Word frequency laws

In 1945 the linguist George Zipf observed two strange word frequency phenomena: the longer a word is, the less common it is; and the most common word is used twice as much as the second most common, three times more than the third.

Books
Brockhaus_Lexikon.jpg: Jvdcderivative work: Veinarde / CC BY-SA

Take a collection of language samples (in linguistics it is called a corpus). List how many times each word appears in that corpus. The resulting chart shows you the word frequency in that language. The corpus used by the Oxford English Dictionary – the largest English corpus in the world, by the way – lists the following words as the most common: the, to, of, and, and a. (Be comes in second, but that includes all the variations like is and was.) Notice how they’re all one syllable long, and three letters or fewer?
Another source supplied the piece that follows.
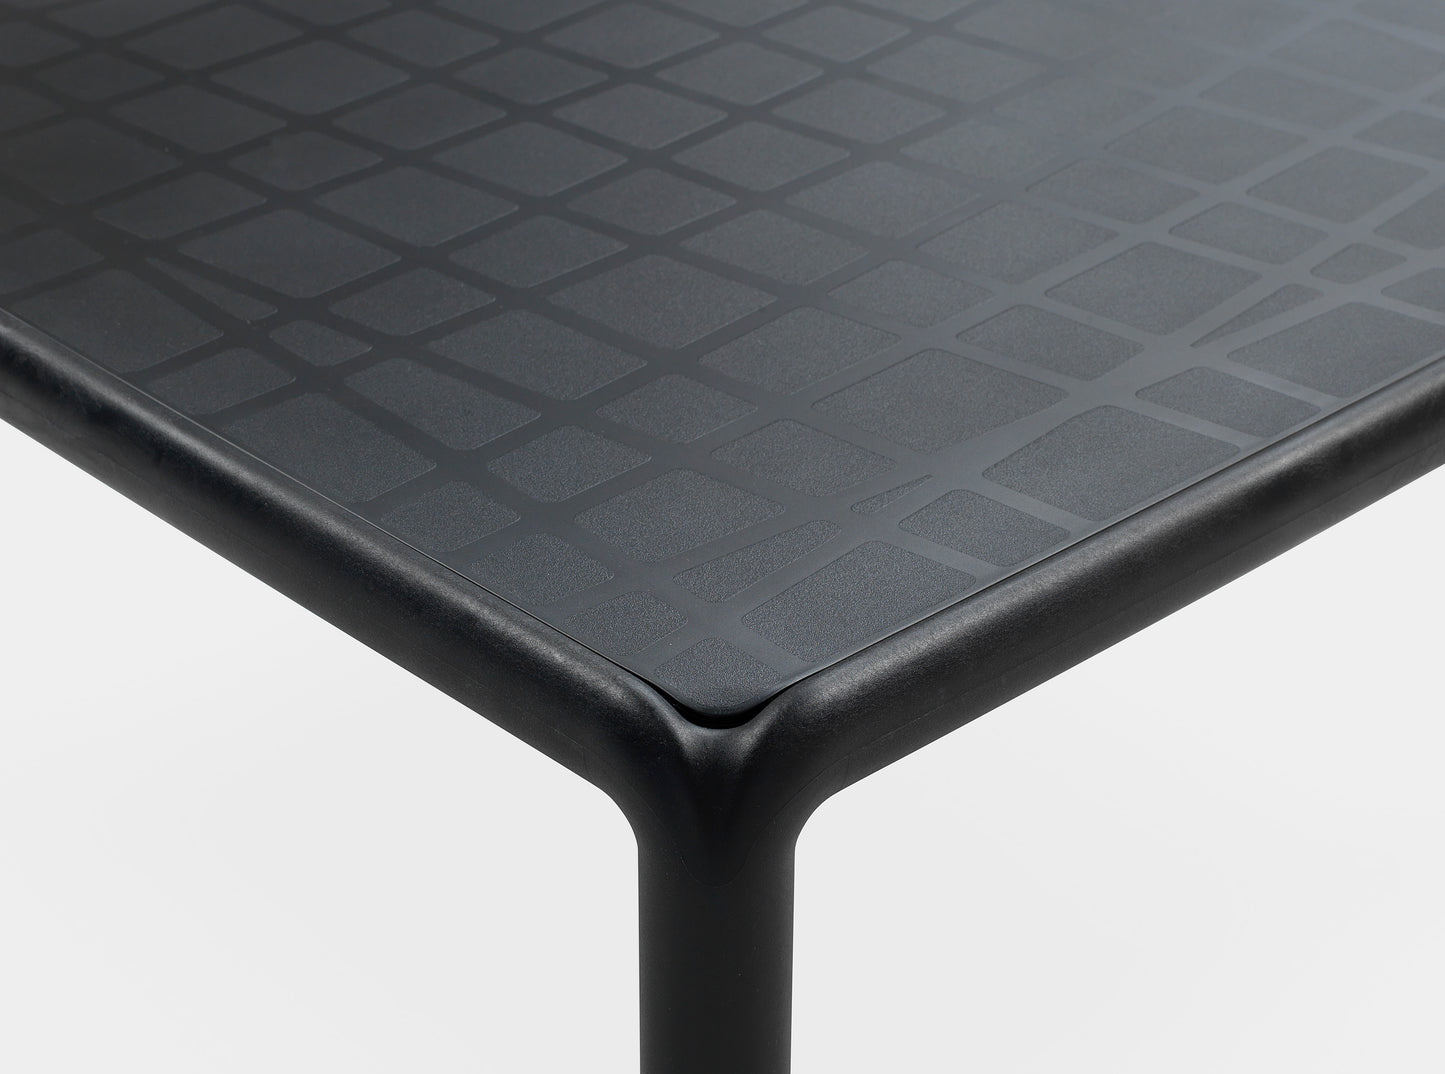 Komodo coffee table in fiberglass resin - Nardi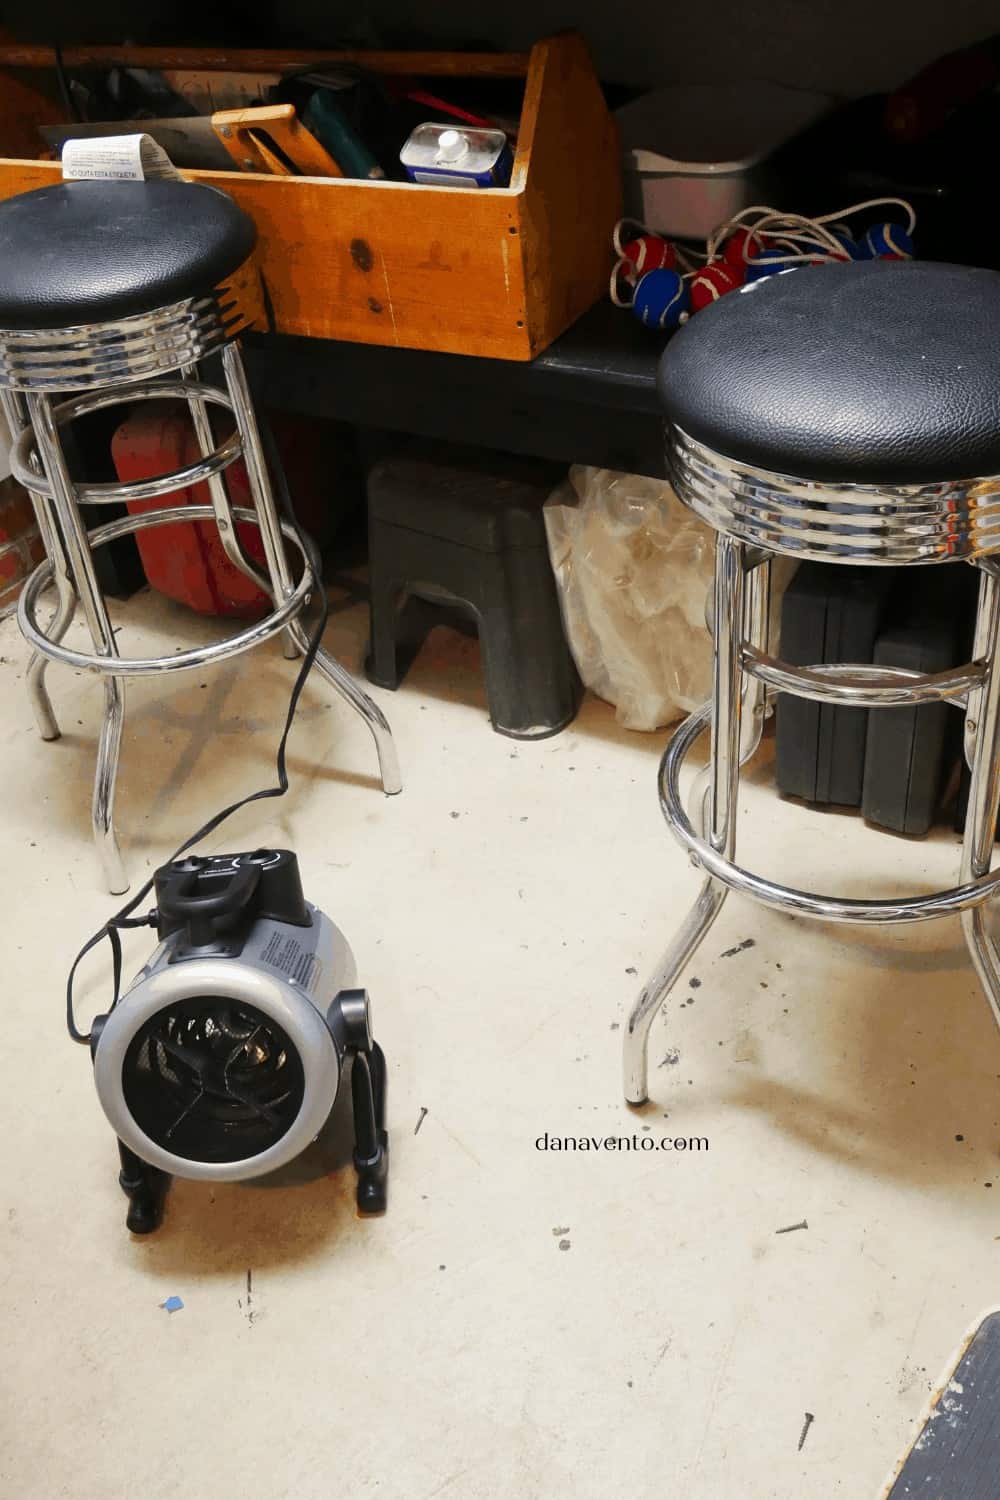 Portable Heater On Floor In garage workshop

All of the most common words are short. Going down that frequency list, you get to #45 before you find a two-syllable word (about). The American linguist George Zipf dug a little further, and found something remarkable.

As a general rule, the shorter a word is the more commonly it appears, and the longer a word is the less frequently it appears. And this is true not just in one corpus, but in pretty much every one of sufficient size. And this is also true not just in English but in every language we’ve checked. And it’s not just true for humans! Apparently the vocalisations of dolphins, macaques, marmosets, and bats follow the same pattern.

This relationship is known as the Brevity law. Looking at the same word frequency charts, Zipf went even further and unveiled another interesting pattern in the distribution of words. The most common word occurred twice as often as the second most common word. The most common word occurred three times as often as the third most common word, four times more than the fourth, and so on down the list.

This law is known as Zipf’s law – although he was not the first to make this observation. It too seems to be true in all languages, even the made-up ones. What are we to make of these two laws? One possible conclusion is that languages follow the path of least resistance: the most common words are ground down and abbreviated by use and time; people want to use the minimum possible number of words to effectively communicate and this leads to a Zipf-like distribution.

That’s one explanation. The Wikipedia article mentions another curious experiment: someone generated a string of random text with spaces randomly distributed between the letters. This leaves you with a long list of random collections of letters that form pseudo-“words.” A frequency list from this random text also follows a Zipf distribution. I imagine that this happens because there are fewer possible letter combinations for short words than there are for longer ones… so this may just be a natural mathematical pattern and not some deeper truth about language. Perhaps? Add to this the fact that Zipf’s law has been observed in other phenomena – note distributions in music, city populations in large countries, income distribution (pre-Bezos, I assume) – and the waters become even more muddied.